Telegram · Discord · Slack · WhatsApp · Signal · iMessage · LINE · IRC · Email

Text, voice, images, files, reactions, threads - full experience on every platform.


Architecture

Comis hexagonal architecture

Comis uses hexagonal architecture (ports and adapters). Core defines port interfaces - adapters implement them. Swap Discord for Matrix, SQLite for Postgres, or OpenAI for Ollama without touching core logic. Adding a channel, tool, or provider means writing an adapter, not modifying the core.

19 ports, 30+ adapters, 13 packages. Driving adapters (channels, CLI, API) call into the core. Driven adapters (memory, LLM providers, media processors) are called by the core through ports. Every function returns Result<T, E> - zero thrown exceptions.

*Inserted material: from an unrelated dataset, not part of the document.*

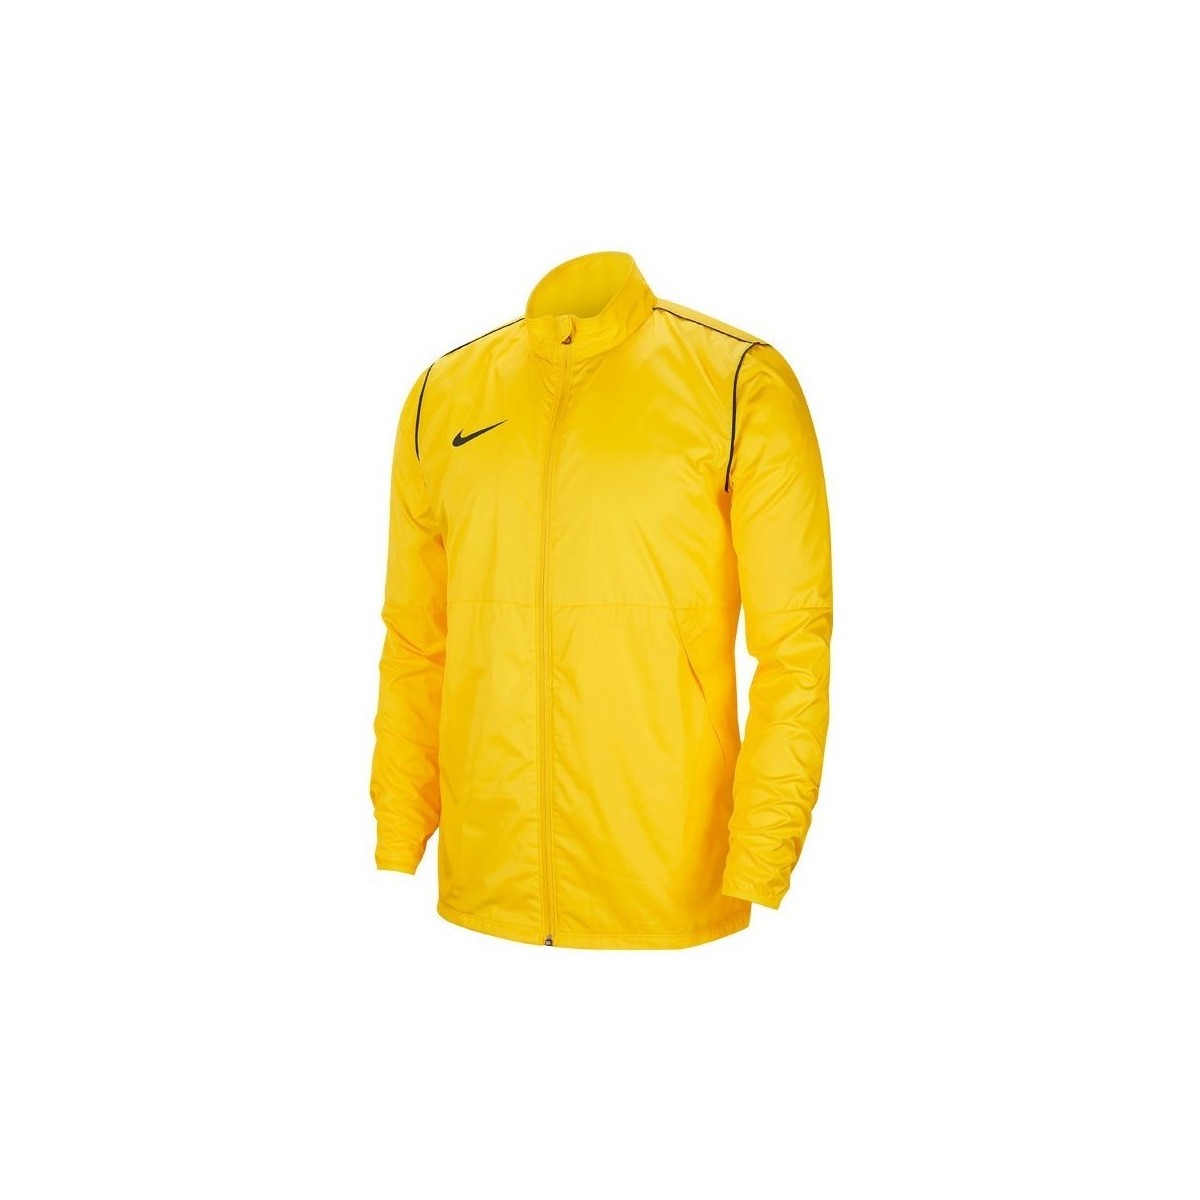 Textil Muži Bundy Nike Park 20 Repel Žlutá

Fully testable in isolation.

Deep dive: Architecture →


Security

22 independent defense layers across 9 categories - built from the first commit as a design constraint, not bolted on after the fact.

OS-Level Exec Sandbox

Every shell command runs inside kernel-enforced filesystem isolation. The agent sees its workspace. Nothing else.

  • Linux: Bubblewrap with full namespace unsharing (mount, PID, user, cgroup, IPC). Private /tmp and /dev. --die-with-parent cascade kill.
  • macOS: sandbox-exec with default-deny SBPL profiles generated per invocation. Symlink-aware path resolution.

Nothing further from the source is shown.